Locked home screens. The keychain tutorials always left the accessibility settings for the keychain blank, so it would default to Apple's lowest/safest access level. This level however doesn't allow keychain access if the user has a passcode on the lock screen. Bingo! This explains the sporadic behavior and why this only happens to a small percentage of users.
锁定的主屏幕。钥匙串教程总是将钥匙串的可访问性设置留空,因此它会默认为 Apple 的最低/最安全访问级别。但是,如果用户在锁定屏幕上有密码,则此级别不允许访问钥匙串。答对了!这解释了零星行为以及为什么这种情况只发生在一小部分用户身上。
One line of code, solves the entire mess.
一行代码,解决整个烂摊子。
[wrapper setObject:(__bridge id)kSecAttrAccessibleAlways forKey:(__bridge id)kSecAttrAccessible];
Add this line where I'm setting the username and password values. Works like a charm. Hope this will help someone out there. It confounded me for quite a while until I was able to put the pieces together.
在我设置用户名和密码值的地方添加这一行。奇迹般有效。希望这会帮助那里的人。它让我困惑了很长一段时间,直到我能够将这些碎片拼凑在一起。
回答by woof
Use kSecAttrAccessibleAfterFirstUnlockinstead of kSecAttrAccessibleAlways.
使用kSecAttrAccessibleAfterFirstUnlock代替kSecAttrAccessibleAlways。
From Apple's documentation:
来自苹果的文档:
kSecAttrAccessibleAfterFirstUnlock
The data in the keychain item cannot be accessed after a restart until the device has been unlocked once by the user.After the first unlock, the data remains accessible until the next restart. This is recommended for items that need to be accessed by background applications.Items with this attribute migrate to a new device when using encrypted backups.
kSecAttrAccessibleAfterFirstUnlock
直到用户解锁设备一次,才能在重启后访问钥匙串项中的数据。第一次解锁后,数据将保持可访问状态,直到下一次重新启动。建议用于需要由后台应用程序访问的项目。使用加密备份时,具有此属性的项目会迁移到新设备。
回答by skingtree
In my case, watchOS2 accesses keychain data on the iOS side.
就我而言,watchOS2访问在iOS端的钥匙串数据。
At the beginning, kSecAttrAccessibleWhenUnlockedThisDeviceOnly is used. I can read the data no matter iPhone is locked or not. It is very confusing to me that I will receive Error when watch is trying to access the keychain: : SecTrustEvaluate [leaf IssuerCommonName SubjectCommonName]
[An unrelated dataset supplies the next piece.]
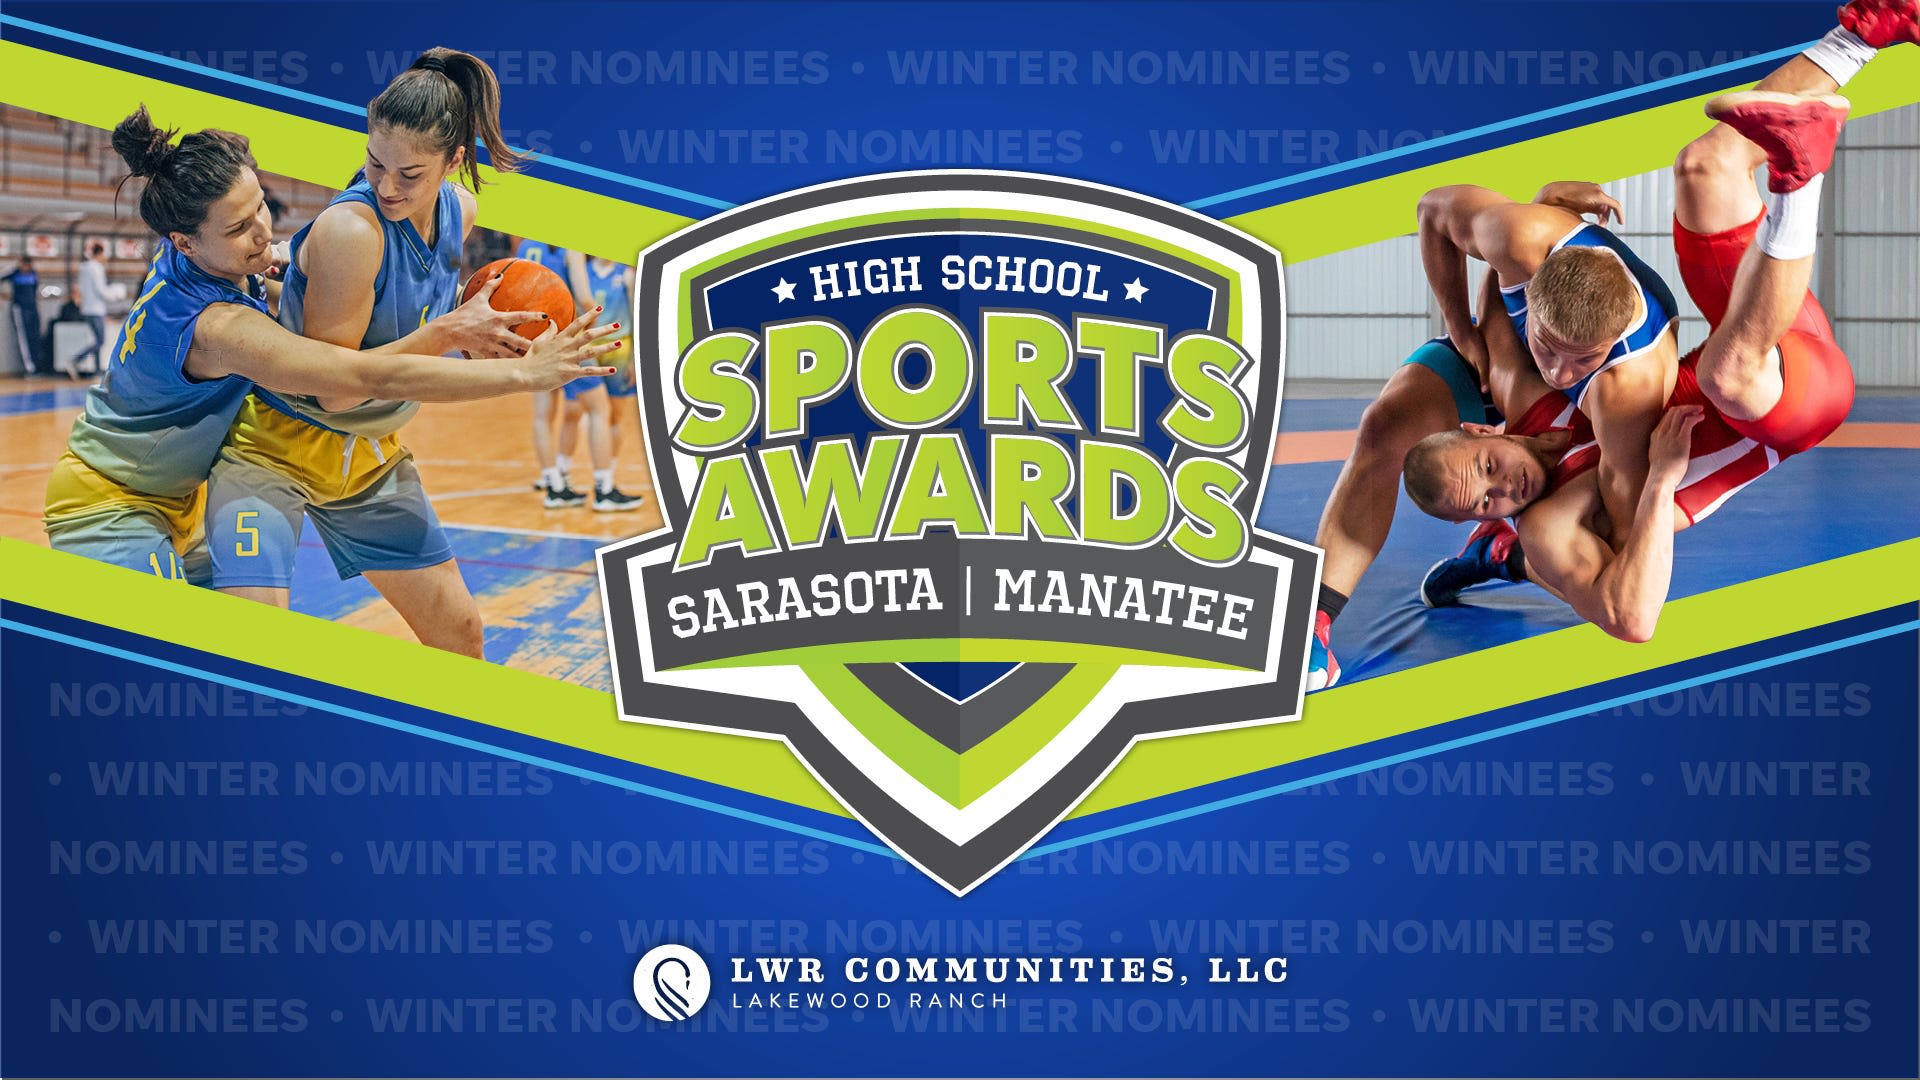 See all winter nominees for the Sarasota-Manatee High School Sports Awards

一开始使用 kSecAttrAccessibleWhenUnlockedThisDeviceOnly。无论 iPhone 是否锁定,我都可以读取数据。这是非常混乱,我认为我会收到错误时手表试图访问钥匙串:SecTrustEvaluate [叶IssuerCommonName SubjectCommonName]
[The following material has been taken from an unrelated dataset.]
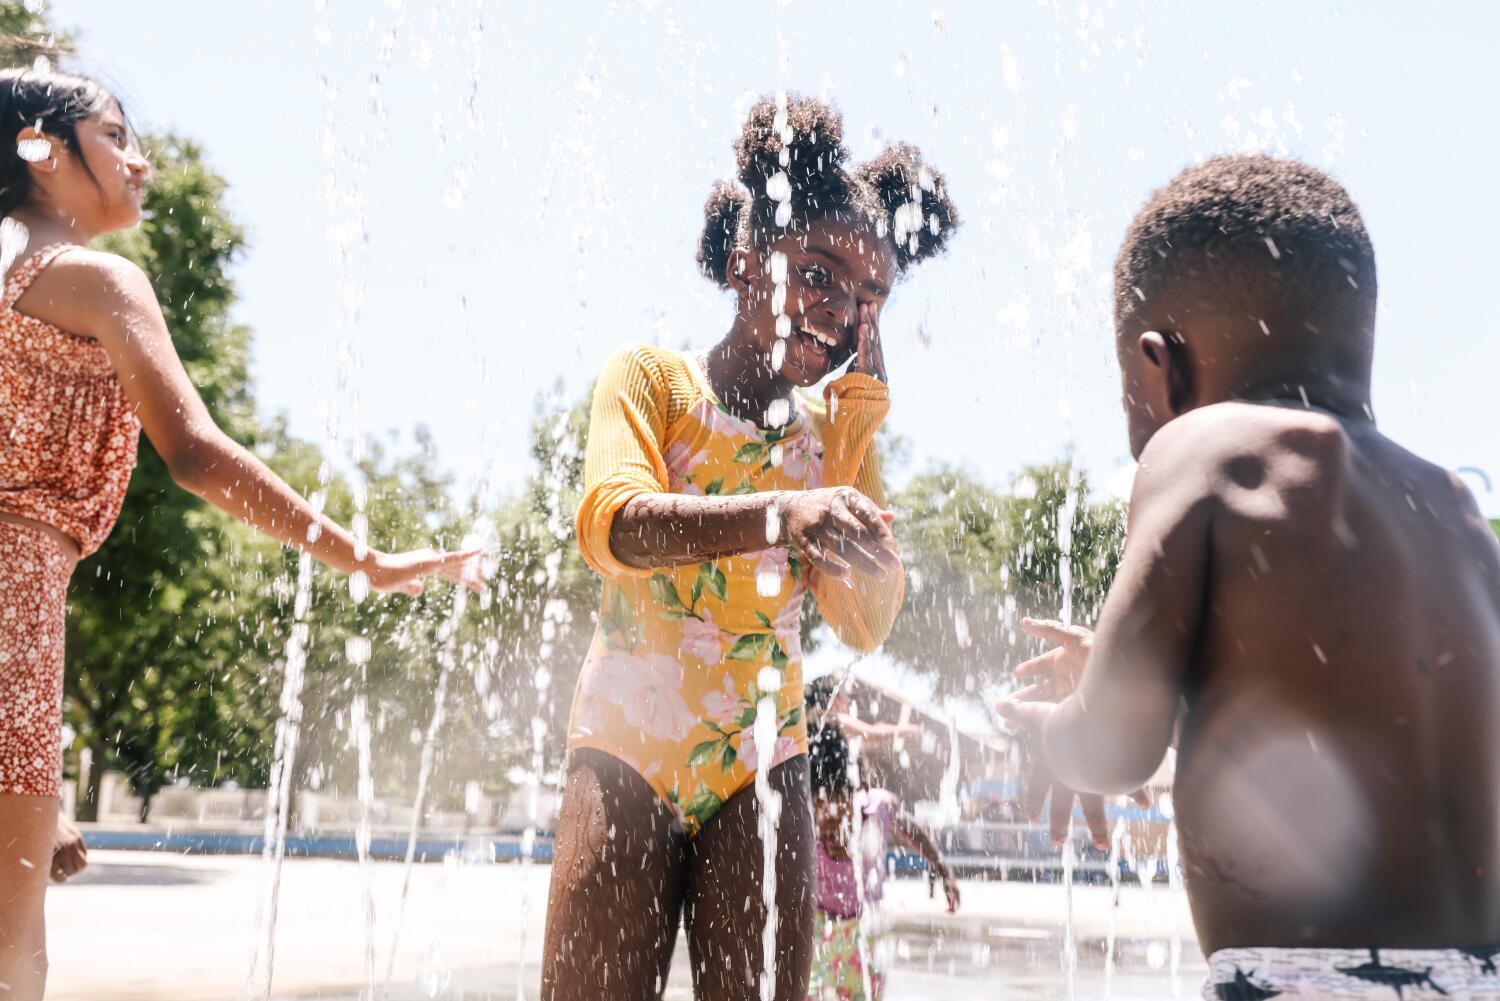 'Unprecedented' heat wave in California brings death, fires, all-time record highs

And some case it will become: : SecOSStatusWith error:[-25308] Error Domain=NSOSStatusErrorDomain Code=-25308 "ks_crypt: e00002e2 failed to 'oe' item (class 6, bag: 0) Access to item attempted while keychain is locked." UserInfo={NSDescription=ks_crypt: e00002e2 failed to 'oe' item (class 6, bag: 0) Access to item attempted while keychain is locked.}
在某些情况下它会变成: : SecOSStatusWith error:[-25308] Error Domain=NSOSStatusErrorDomain Code=-25308 "ks_crypt: e00002e2 failed to 'oe' item (class 6, bag: 0) 在钥匙串被锁定时尝试访问项目。 ” UserInfo={NSDescription=ks_crypt: e00002e2 未能'oe' 物品(类 6,包:0)在钥匙串被锁定时尝试访问物品。}
I will update my answer if I get more infos.
如果我得到更多信息,我会更新我的答案。